Metodo e accuratezza. Questa guida distingue istanti UTC, orari locali, durate esatte e periodi di calendario. I riferimenti tecnici includono ISO 8601, IANA Time Zone Database, NIST, POSIX/Open Group ed ECMAScript Temporal. Il calcolatore fornisce un risultato matematico; per paghe, contratti, SLA o documenti ufficiali occorre applicare anche le regole pertinenti.

Che cos’è il calcolatore durata

Un calcolatore durata confronta un inizio e una fine.

Può restituire:

  • giorni, ore, minuti e secondi scomposti;
  • ore totali;
  • minuti totali;
  • secondi totali;
  • settimane e giorni;
  • data finale ottenuta da inizio più durata;
  • data iniziale ottenuta da fine meno durata;
  • durata netta dopo pause;
  • intervallo tra istanti in fusi diversi;
  • periodo di calendario in anni, mesi e giorni.

I dati necessari

Per il calcolo base servono:

  • data iniziale;
  • ora iniziale;
  • data finale;
  • ora finale;
  • fuso orario, quando le date rappresentano orari locali;
  • eventuali pause o intervalli da sottrarre.

Se il fuso non viene indicato, il risultato dipende dalla convenzione adottata dall’applicazione o dal dispositivo.

Istante e orario locale

Un istante rappresenta un punto univoco sulla linea temporale.

Un orario locale, come “2026-10-25 alle 02:30”, non è sempre univoco: durante il ritorno dall’ora legale può verificarsi due volte. Al contrario, durante l’avanzamento primaverile alcuni orari locali possono non esistere.

Per questo motivo, il calcolatore durata dovrebbe conservare insieme data, ora e identificatore del fuso.

UTC e fuso orario

UTC è il riferimento usato per confrontare istanti globali.

Un fuso regionale come:

Europe/Rome
America/New_York
Asia/Tokyo

contiene regole storiche e future sugli offset. Invece, un valore come UTC+1 descrive soltanto un offset fisso e non include automaticamente l’ora legale.
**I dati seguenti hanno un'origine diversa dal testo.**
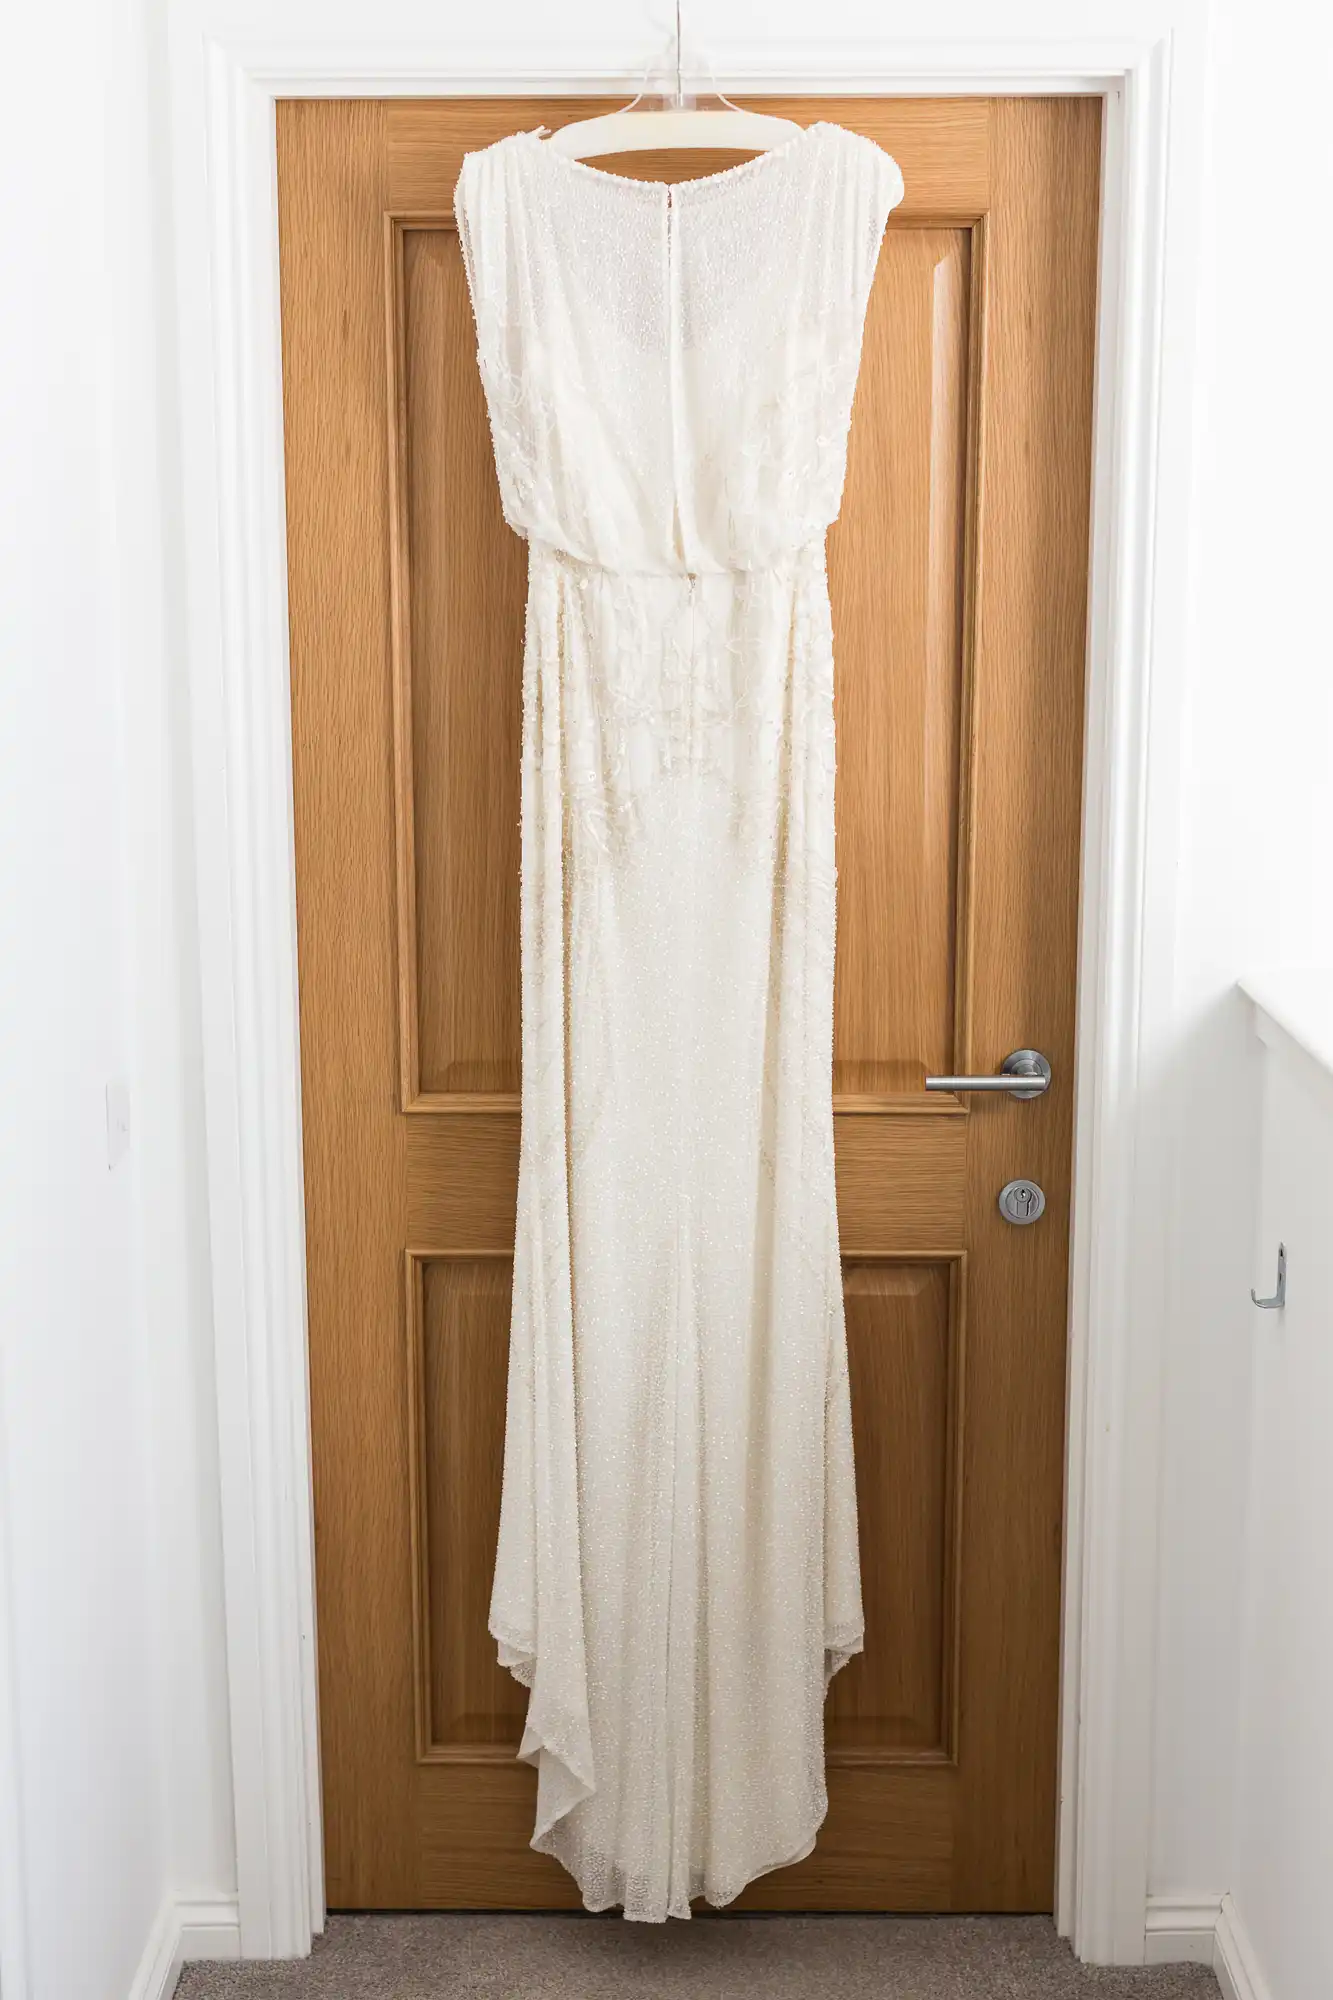 A long, white, beaded wedding dress hanging on a wooden door.

Perché usare identificatori IANA

Le regole dei fusi cambiano per decisioni politiche e vengono aggiornate periodicamente.

Di conseguenza, un’applicazione dovrebbe usare una versione recente della IANA Time Zone Database e identificatori regionali, non abbreviazioni ambigue come CST o IST.

Formula per il tempo trascorso

Dopo aver trasformato inizio e fine in istanti confrontabili:

Durata = timestamp finale - timestamp iniziale

Se i timestamp sono espressi in millisecondi:

Durata in secondi = (fine_ms - inizio_ms) / 1000

Il risultato può essere negativo quando la fine precede l’inizio. L’interfaccia dovrebbe segnalarlo o consentire esplicitamente intervalli con segno.

Che cos’è un timestamp Unix

Un timestamp Unix/POSIX rappresenta approssimativamente il numero di secondi trascorsi dall’epoca:

1970-01-01T00:00:00Z

In JavaScript tradizionale, il valore di un oggetto Date usa millisecondi rispetto alla stessa epoca.

Limite tecnico. POSIX ed ECMAScript trattano ogni giorno come 86.400 secondi e non rappresentano normalmente gli istanti interni alle seconde intercalari. Per misure scientifiche specialistiche può servire una scala temporale diversa.

Scomporre i secondi in unità leggibili

Data una durata non negativa S:

Giorni = floor(S / 86400)
Resto1 = S mod 86400

Ore = floor(Resto1 / 3600)
Resto2 = Resto1 mod 3600

Minuti = floor(Resto2 / 60)
Secondi = Resto2 mod 60

Questa scomposizione usa giorni convenzionali da 24 ore.

Unità di tempo standard

UnitàEquivalenza convenzionale
1 minuto60 secondi
1 ora60 minuti = 3.600 secondi
1 giorno convenzionale24 ore = 86.400 secondi
1 settimana7 giorni = 604.800 secondi

Durata trascorsa e periodo di calendario

Una durata trascorsa può essere espressa esattamente in secondi.

Un periodo di calendario, invece, può contenere anni, mesi e giorni:

1 anno, 2 mesi e 5 giorni

I mesi non hanno tutti la stessa lunghezza e gli anni possono avere 365 o 366 giorni. Pertanto, non esiste una conversione universale di “un mese” in un numero fisso di secondi.

Un giorno non è sempre 24 ore locali

Durante il passaggio primaverile all’ora legale, una giornata locale può contenere 23 ore trascorse.

Durante il ritorno all’ora standard, può invece contenerne 25.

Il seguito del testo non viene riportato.